Tashkent Higher All-Arms Command School
- Former names: Tashkent Higher Combined Arms Command School named after Vladimir Lenin
- Motto: Слава Ленинцам Всех Времен
- Motto in English: Long live Lenintsy of All Generations
- Type: military academy
- Active: 12 July 1918–25 April 2017
- Founders: Soviet Government
- Affiliations: Armed Forces of the Republic of Uzbekistan
- School Accronym: TVOKU TOUQBY
- Location: Tashkent, Tashkent Region, Uzbekistan (formerly the Uzbek SSR)
- Language: Russian/Uzbek

= Tashkent Higher All-Arms Command School =

The Tashkent Higher All-Arms Command School (Тошкент Олий Умумқўшин Қўмондонлик билим Юрти, ТОУКБЮ) was a military academy of the Ministry of Defense of Uzbekistan. It was previously known as the Tashkent Higher Combined Arms Command School named after Vladimir Lenin (Ташкентское Высшее Общевойсковое Командное Училище имени В.И. Ленина, ТВОКУ). It was one of the oldest military establishments of the USSR preparing infantry officers for the Soviet Army. The school was disbanded after former Uzbek SSR gained independence in 1991 and became the Republic of Uzbekistan. The last banner of the school was removed from the No. 1 Guard Post and deposited into the State Museum of the Armed Forces of Uzbekistan.

==History==
TVOKU, or as it was called colloquially, the Leninsky College was founded on July 12, 1918, when the Military Commissariat of the Turkestan Soviet Republic ordered the government to organize the Turkestan Soviet command courses in Central Asia for the training of Bolshevik commanders. On the 31st of that month, it was announced that a command school would be created in Tashkent. On September 17, 1918, the school began regular classes, which had their own ceremonial opening 5 days later. At the time, the basis of training was political indoctrination and immersion in military subjects, with tactical training being given particular attention. During the Great Patriotic War (known in the West as the Second World War), the school prepared about 8,000 commanders to fight in the Red Army against the Wehrmacht. Many who graduated at the time fought in the Eastern Front, including in the Battle of Moscow in 1941 and the Siege of Leningrad in 1943.

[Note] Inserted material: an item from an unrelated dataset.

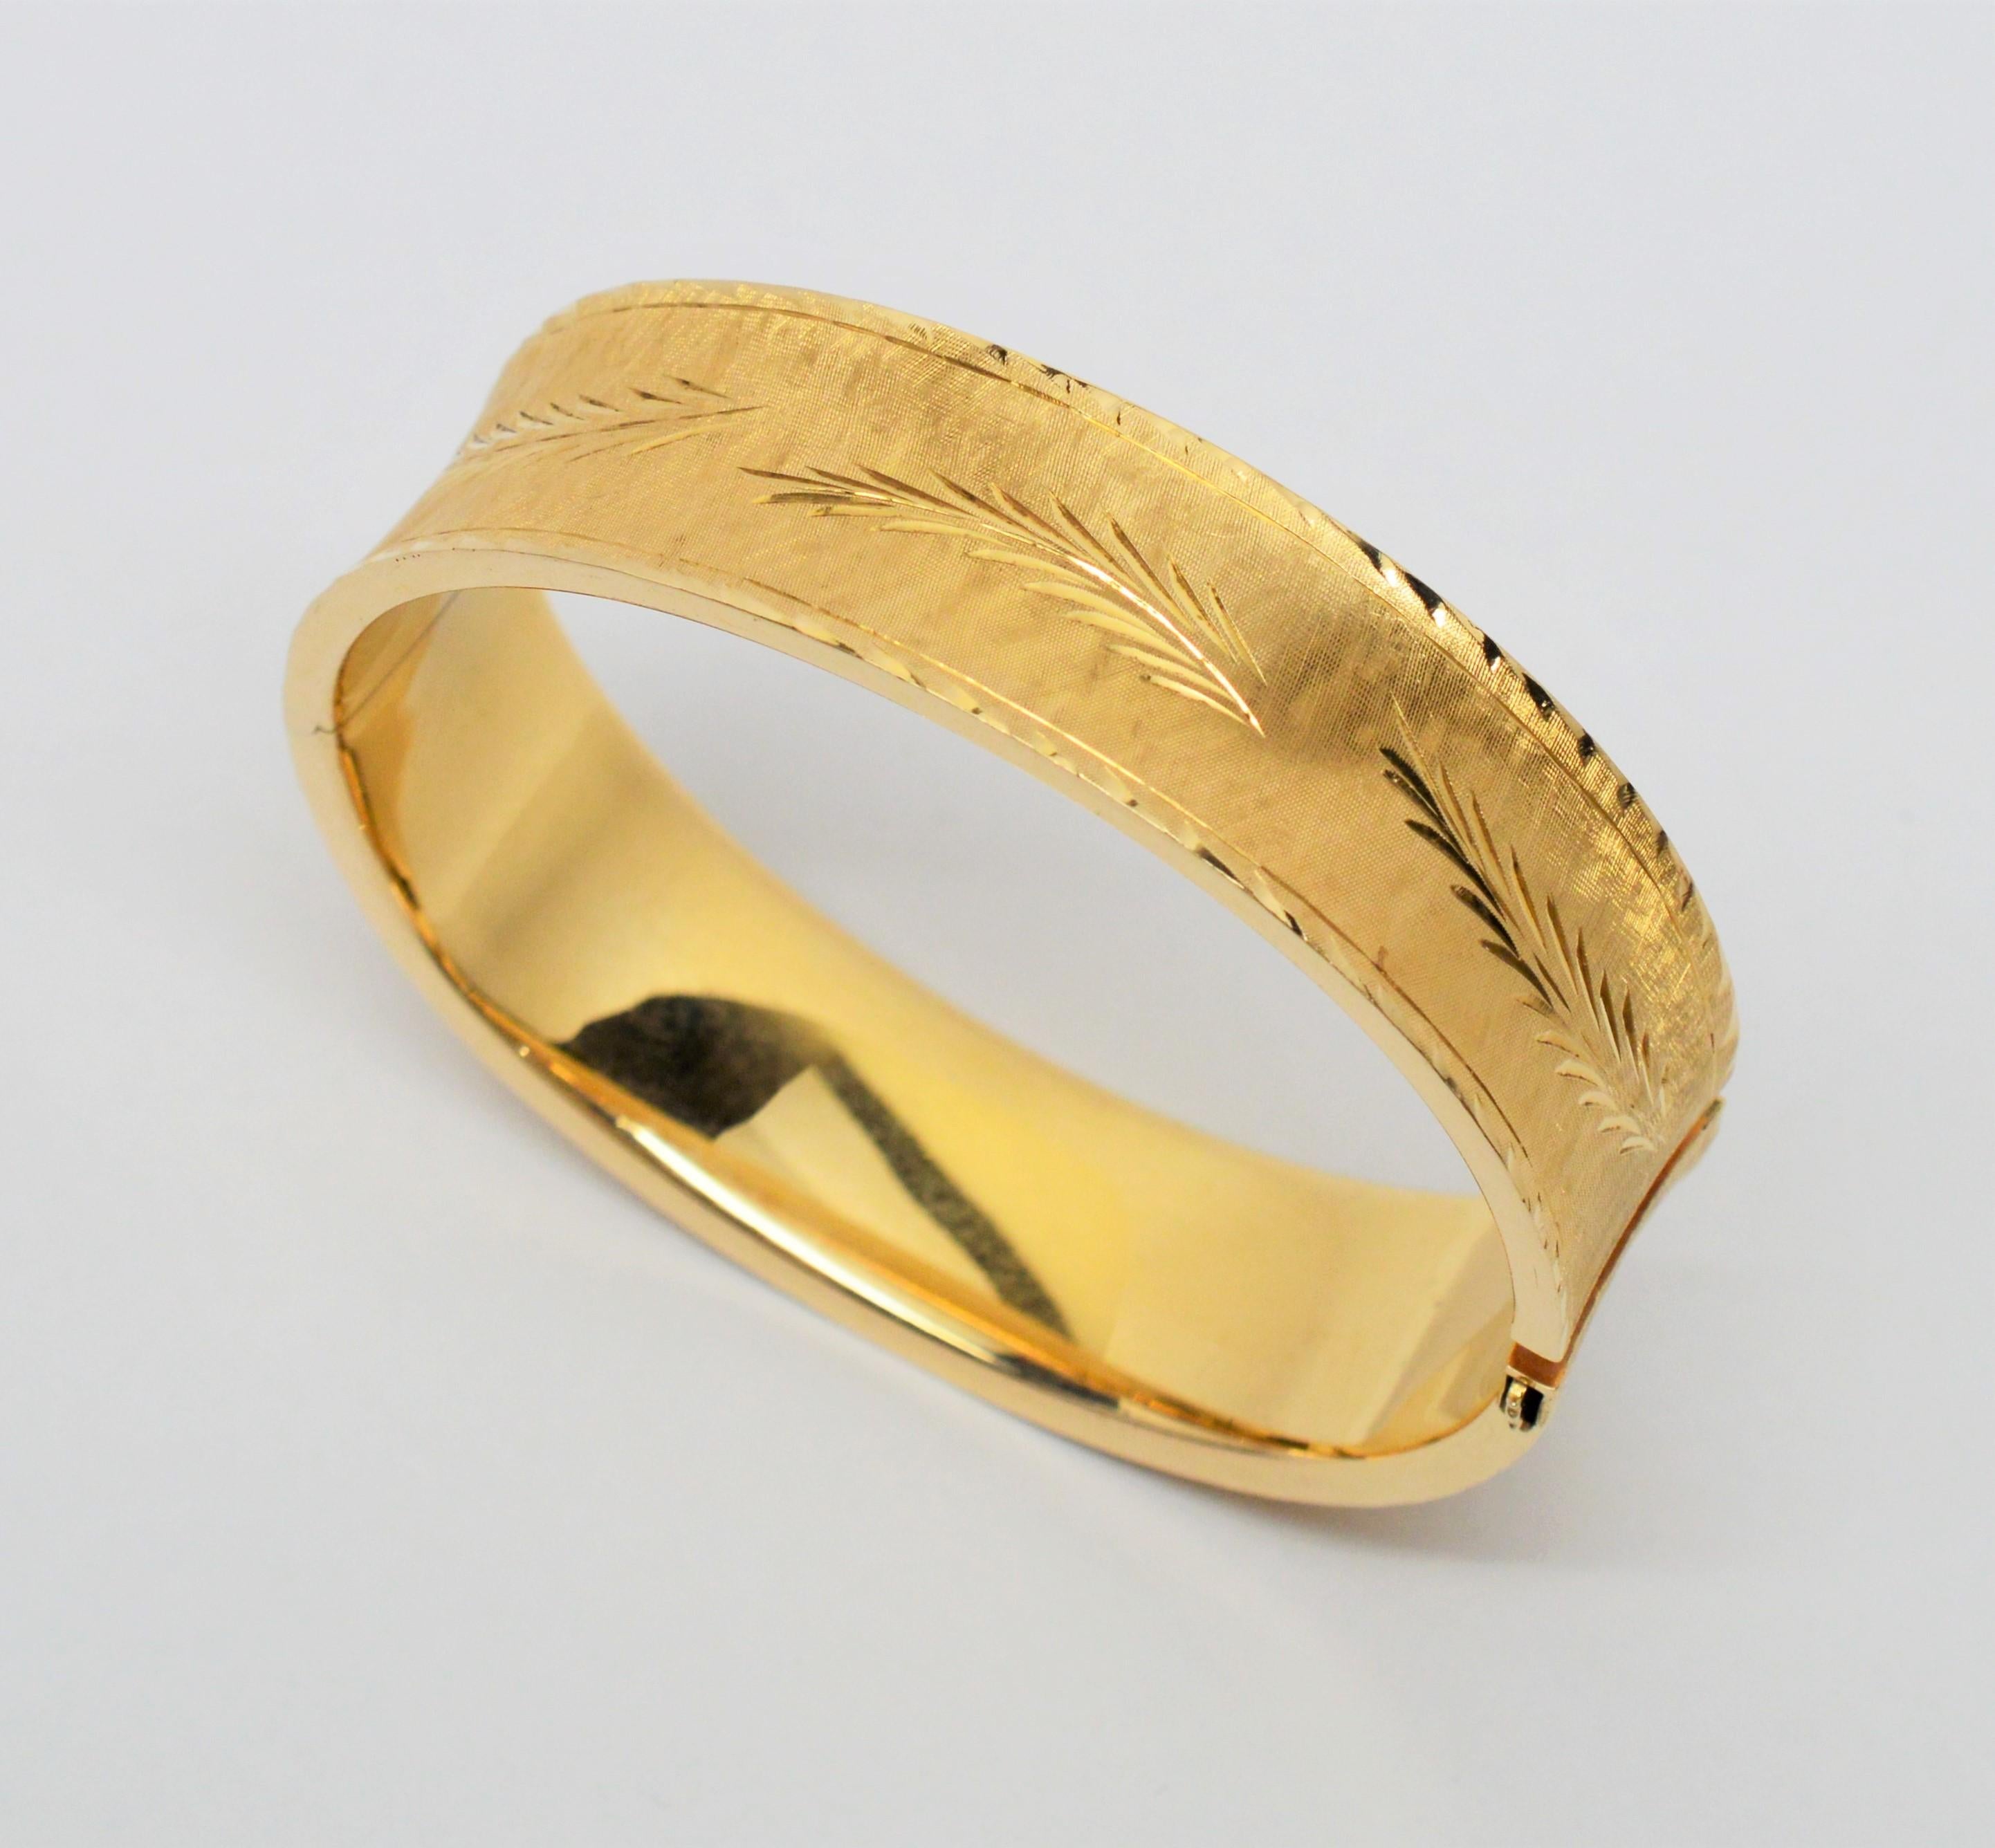 gold bangles for sale

On March 28, 1957, the banners of the school, which were previously stored in the Central Museum of the Soviet Army, were delivered to the school from Moscow. By July 1970, the school was exporting its students to other Soviet universities, as well as importing cadets from other cadet schools, which would later make up the 1st Cadet Battalion. In the 80s, graduates of the school were immediately commissioned into the Soviet Army and transferred across the Afghan border with the Uzbek SSR to participate in the Soviet–Afghan War. On 26 March 1993, it was reestablished by the Ministry of Defense of Uzbekistan as the Tashkent Higher All-Arms Command School. In 2017, President Shavkat Mirziyoyev, ordered that the school be reestablished as the Academy of the Armed Forces of Uzbekistan.

== Alumni ==

- Qobul Berdiyev, Uzbek military officer who formerly served as Minister of Defence of Uzbekistan.
- Stanislav Hazheev, former Minister of Defence in Transnistria.
- Albert Makashov, a Russian officer and a nationalist-communist politician.
- Pavel Pavlovich Kozlovsky, the second Minister of Defence of Belarus.
- Esen Topoev, former Minister of Defense of Kyrgyzstan.
- Valdas Tutkus, a Lithuanian general who was the 3rd Chief of Defence.
- Ilýa Weljanow, Turkmen general and diplomat.